Robot movements are usually controlled by a mixture of autonomous movements (i.e. to keep upright) and externally controlled movements (e.g. moving an arm forward). This control can be received via a remote control, a control computer, or a script running on the robot itself. Some implementations support higher-level control by means of the Internet by, for example, using an XML dialect (RoboML and others). Therefore, in a preferred embodiment, to generate a message according to the invention, the usual type of messaging methods are implemented, and combined with such a high-level robot control in order to be based on established methods and to maintain a consistent standard. Motion control content is therefore preferably embedded in the record content in the form of so-called “tags”, particularly for a text content which can be output either in text form or in the form of acoustic speech output. In other words, a message protocol might be used, in which tags similar to those defined by robot control languages like RoboML are embedded in the message text. Thereby, the tags may optionally be used in combination with other tags addressing additional modalities, for example tags for images, SMIL-like tags for multimedia presentations, Philips PML-tags for external devices in the room, etc.

There are various possibilities for describing the motion control content within the message.

Preferably, the message transmitting device, for example in the case of a combined message transmitting/rendering device, is also capable of performing motion. In this case, the motion control content is described according to the setup and the motion capabilities of the message transmitting device. At some point along the way from message transmitting device to message rendering device, the control content, configured with regard to the message transmitting device, is converted to a description pertaining to the setup and motion capabilities of the motion rendering device.
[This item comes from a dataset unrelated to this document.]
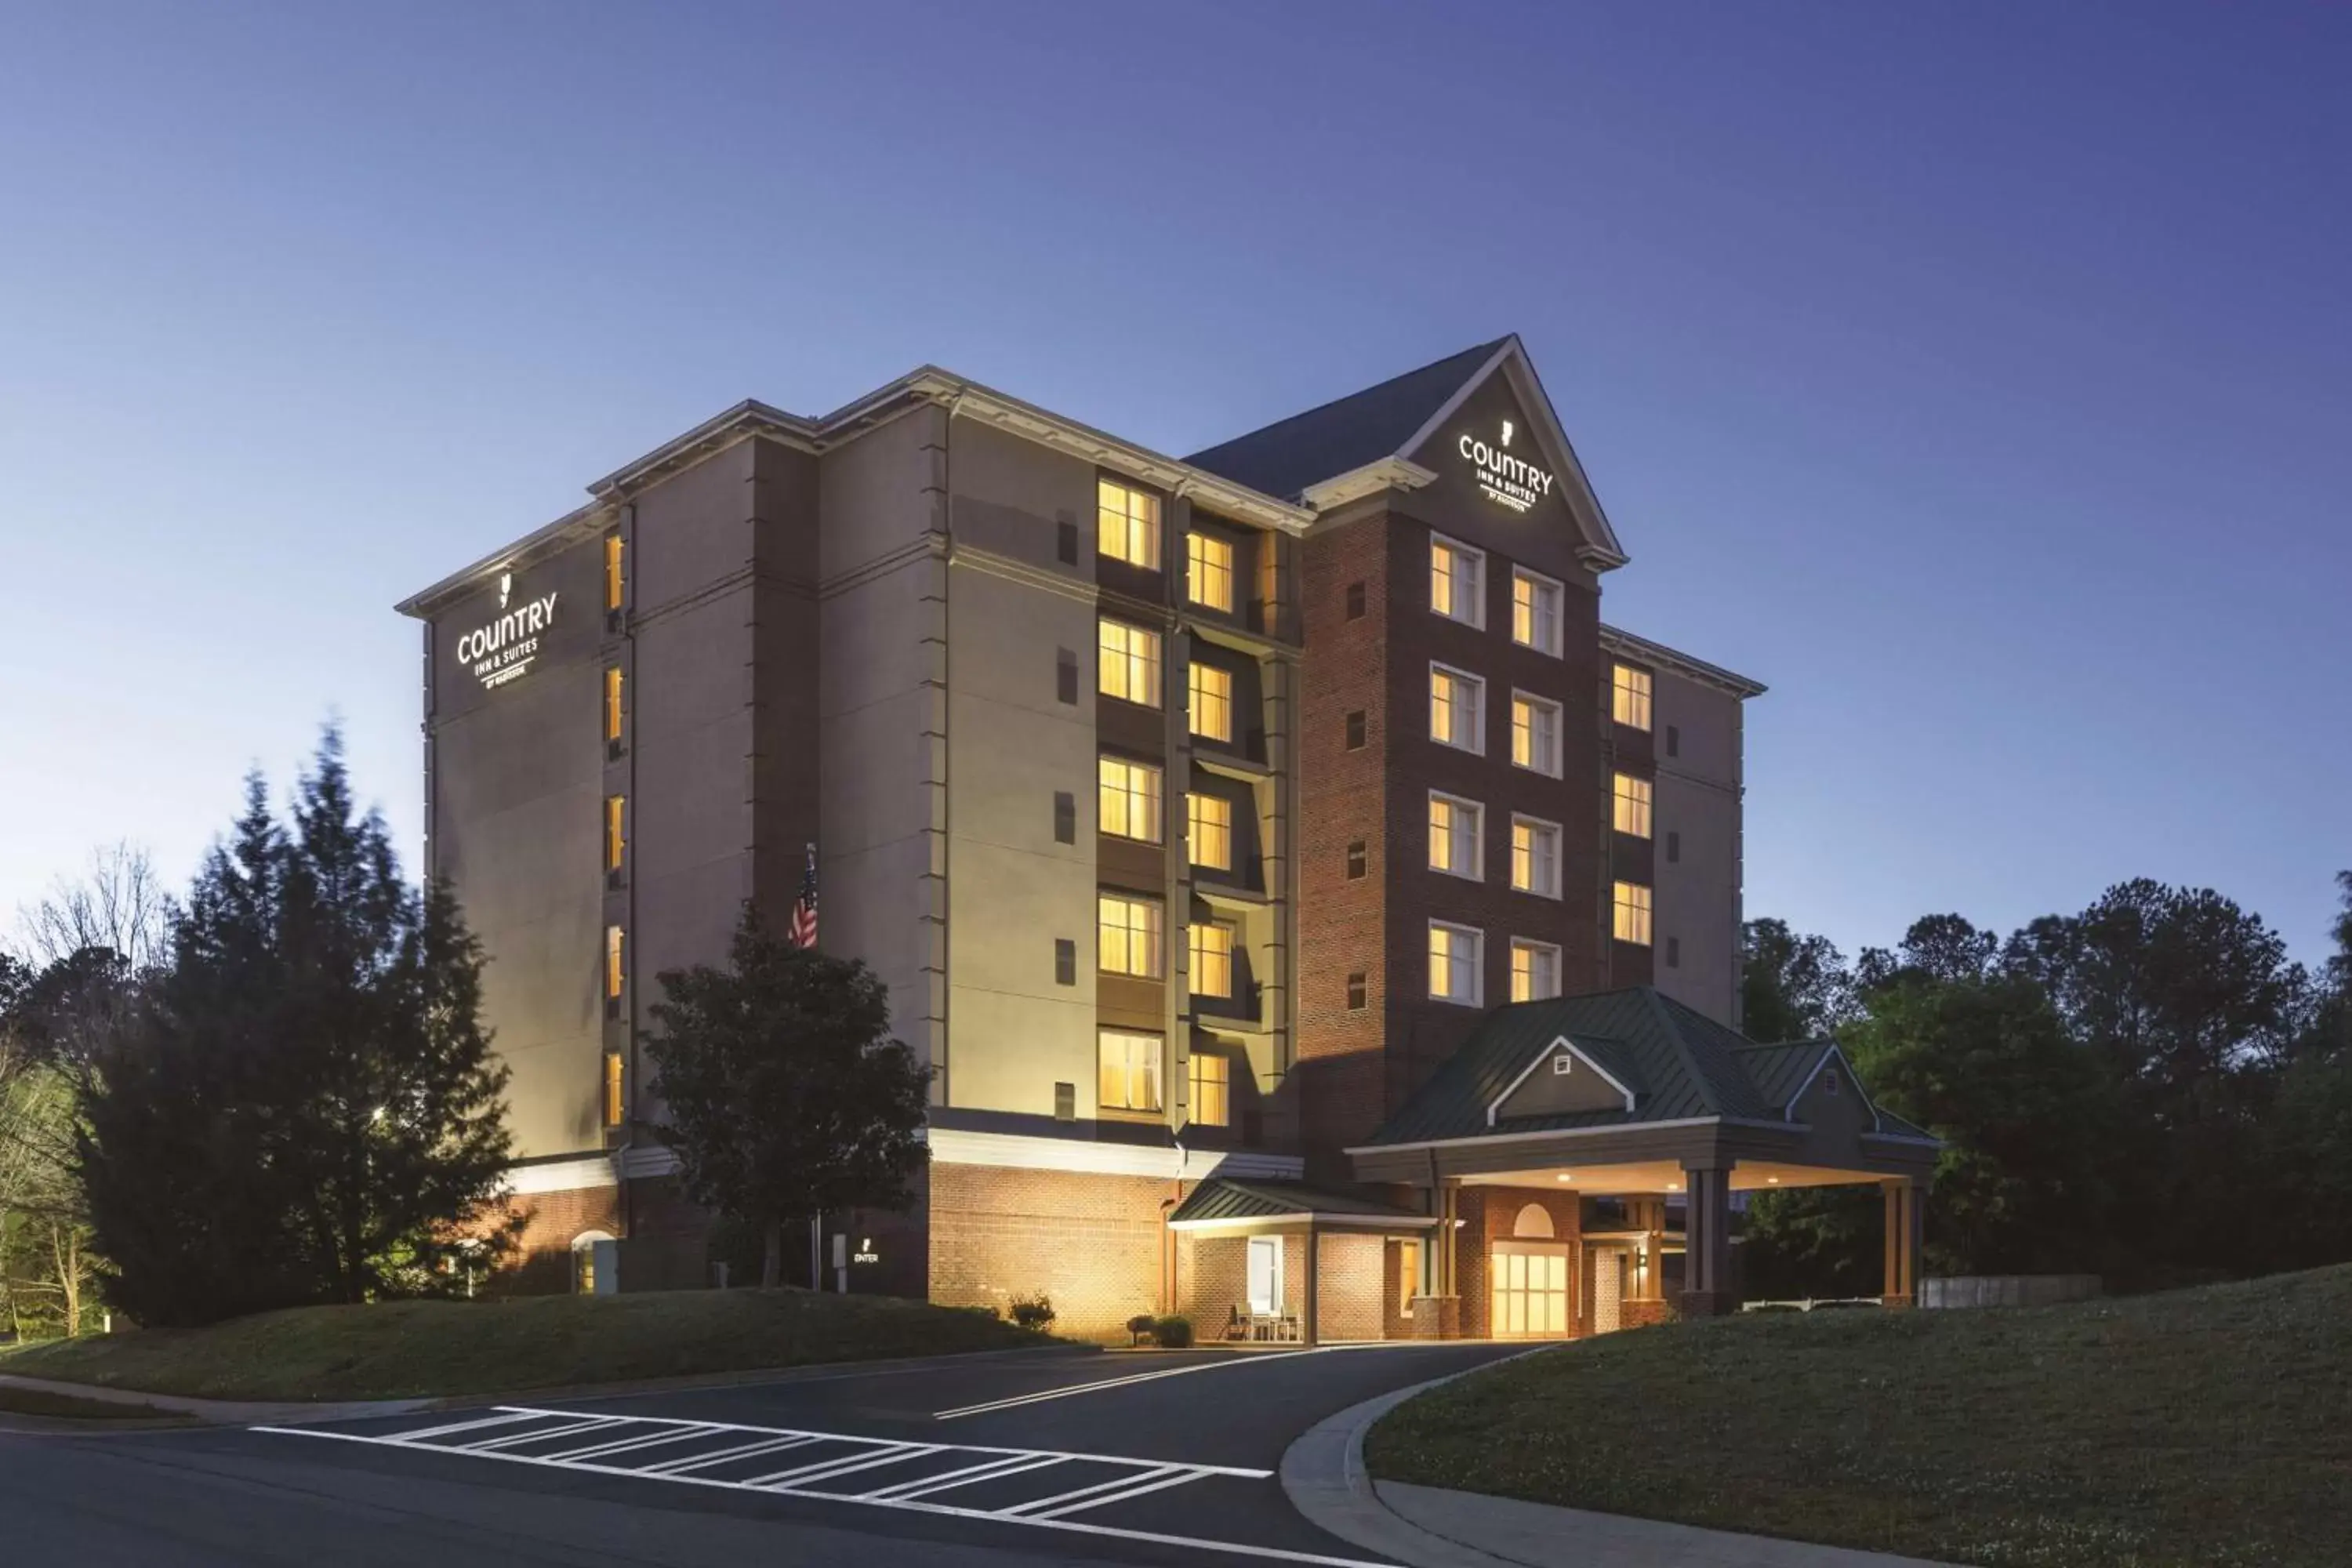 Property Building in Country Inn & Suites by Radisson, Conyers, GA

In such a conversion (in the following also referred to as a “translation”), for example, control commands for movements which could be carried out by the capabilities of the message transmitting device are replaced by control commands which can be carried out instead by the capabilities available to the message rendering device. An example of such a case is when the message transmitting device is a robot that can nod its head, and the message rendering device does not have such a head, but can move an “eyelid” to “wink” at the user. In such a case, a nod of the head, interpreted as confirmation by the message transmitting device, could be converted to the blink of an eye with the same interpretation for the message rendering device.
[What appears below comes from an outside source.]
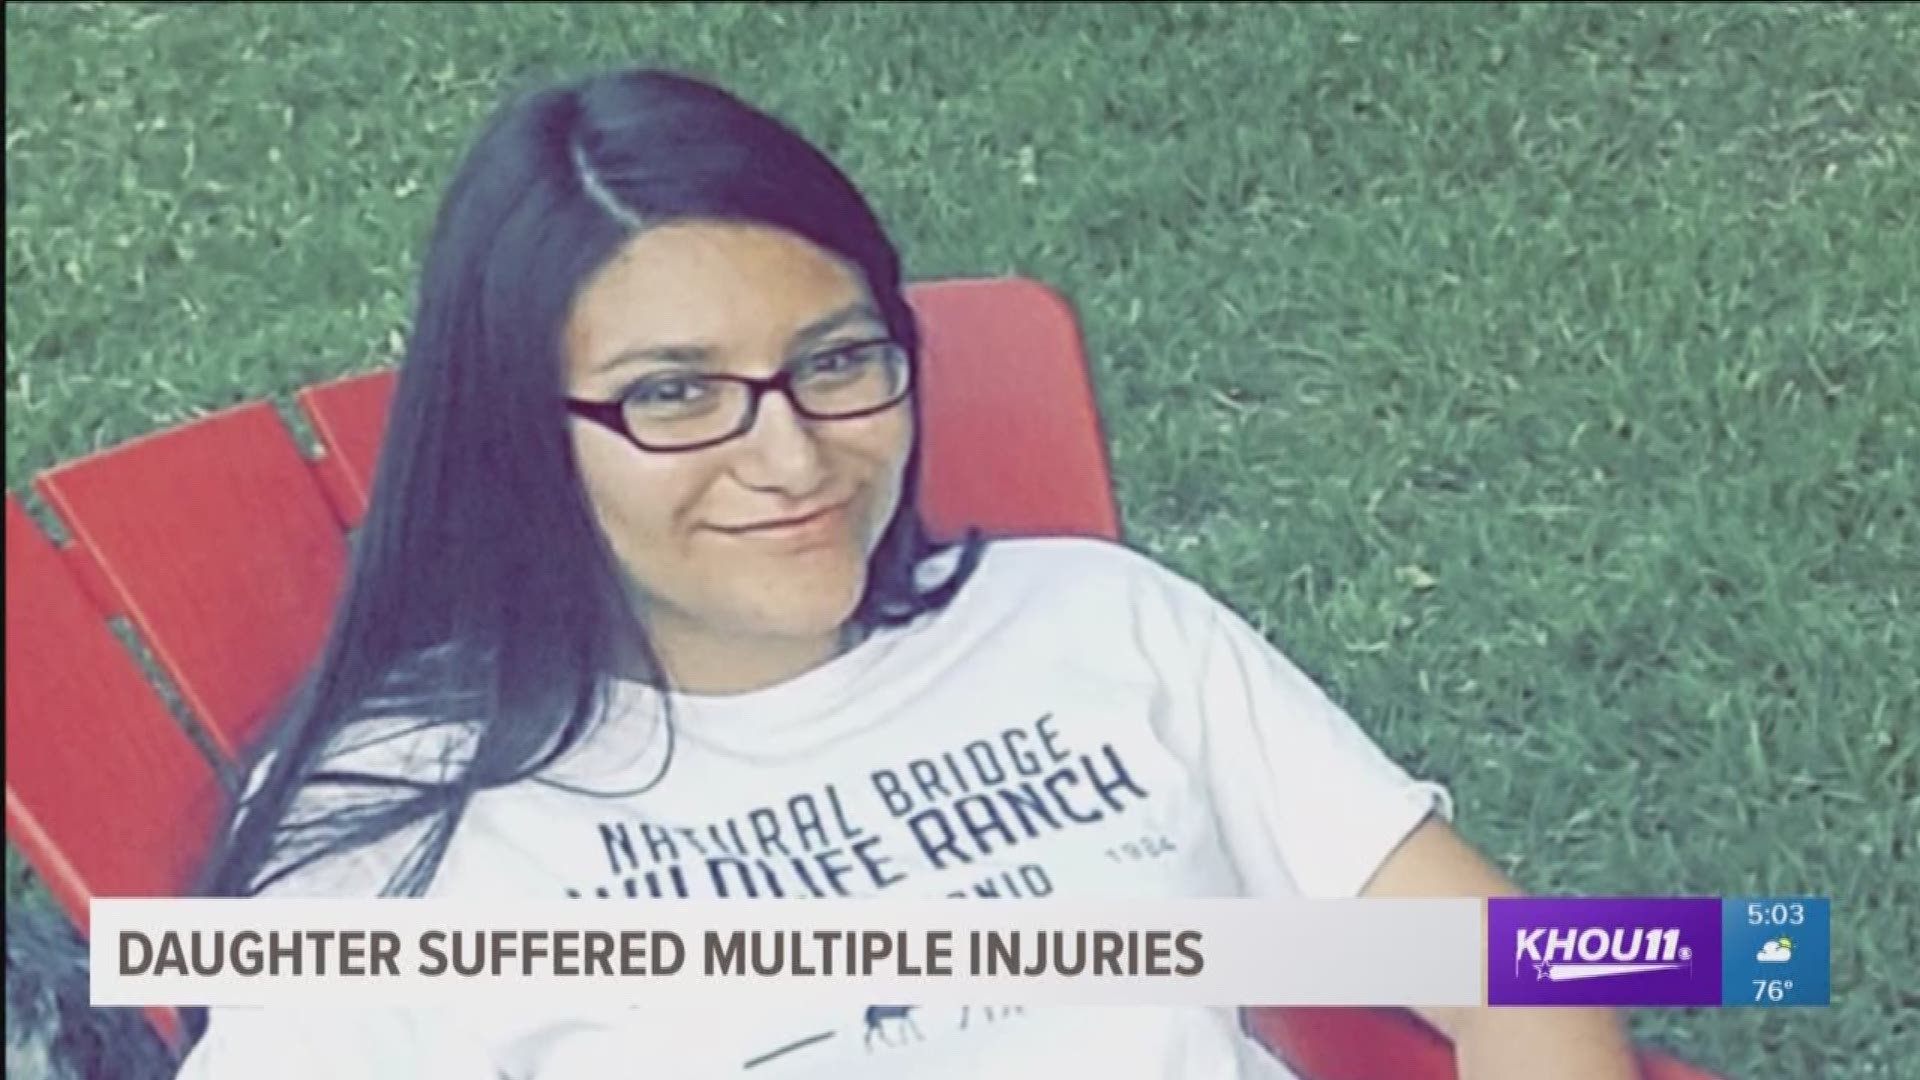 Sarah Salazar was in an art class when the shooting happened. The honor roll student with dreams of being a doctor is now being treated by a team of them after suffering three shotgun wounds.

If certain control commands cannot be realised or converted to another form, these may also be left out, or be replaced by a suitable text or speech output, in order to inform the recipient of the message that the sender had intended that a certain movement by carried out at that point.
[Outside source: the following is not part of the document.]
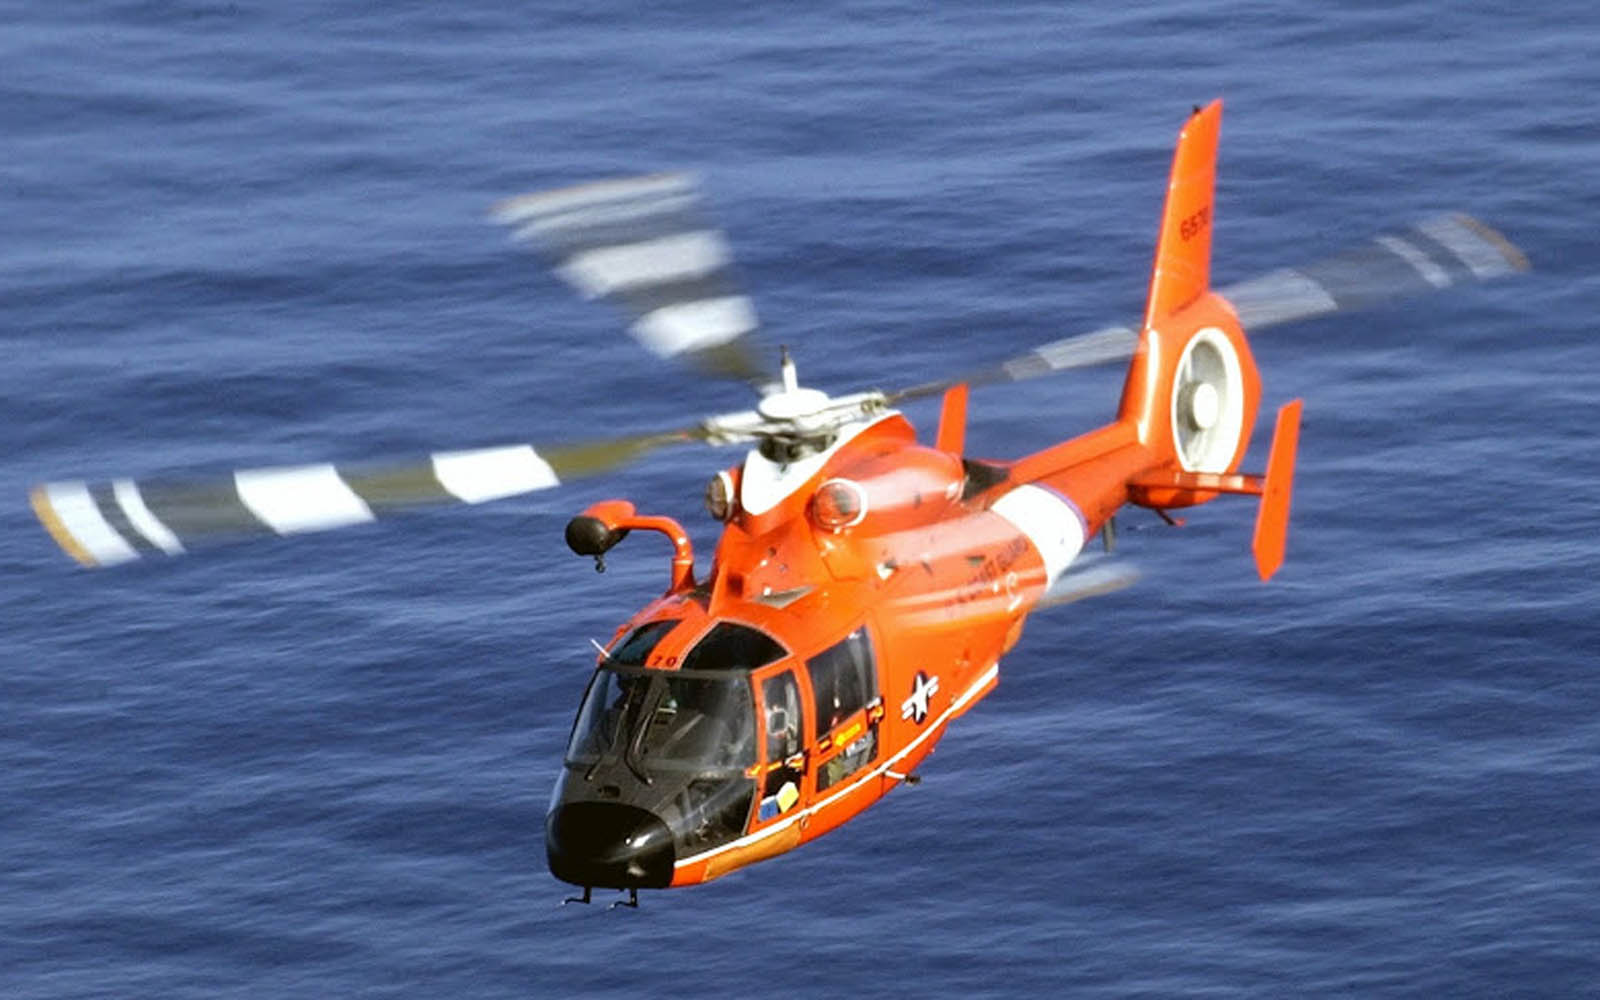 Wallpaper Hh Dolphin Us Coast Guard Helicopter

This translation of the motion control content may be carried out on the sender's side, based on information pertaining to a setup and/or to motion capabilities of the message rendering device. Therefore, the information pertaining to the setup and/or to motion capabilities of the message rendering device may be stored in a recipient profile memory, preferably a database, of the message rendering device. In other words, all the setups and/or capabilities of the various kinds of message rendering devices to which the user can communicate messages with motion content by means of the message transmitting device are stored and can be accessed in some way by the message transmitting device. It can also suffice that an identification number or a type specification of the message rendering device is known, and further information about setup or motion capabilities of the receiving devices can be obtained or retrieved from other databases, such as from the internet.

Since the interpretation of the meaning of the various movements also plays a role, and this should be known when translating, the translation of the motion control content, in a preferred embodiment, is performed on the recipient side, based on information pertaining to a setup and/or to motion capabilities of the message transmitting device. Here also, the required information can be stored in a memory which can be accessed by the message rendering device, such as a database for several message transmitting devices.

In a further preferred embodiment of the invention, the information pertaining to the setup and/or to the motion capabilities of the message transmitting device are included in the message itself. For example, a “capability description” of the message transmitting device can be embedded or included in the header of the message. The message rendering device first reads this capability description, and uses this for the translation of the motion control content. The capability description can be stored in a memory of the message rendering device for later communications with the transmitting device, as already described above. Also, the rules for translation of specific motion control content, which may be defined based on the information pertaining to a setup and/or to motion capabilities of the message transmitting device on the one side and on information pertaining to a setup and/or to motion capabilities of the message rendering device on the other side, may be stored for later communications with the transmitting device, or transmitting devices of the same type with the same capability description.

To synchronise the movements of the message rendering device with the output of the message itself, the motion control content comprises a temporal starting point for a certain movement relative to the presentation of the message record content, as well as a corresponding duration which specifies how long the movement is to be performed. Alternatively, a start time and end time in the presentation can be defined.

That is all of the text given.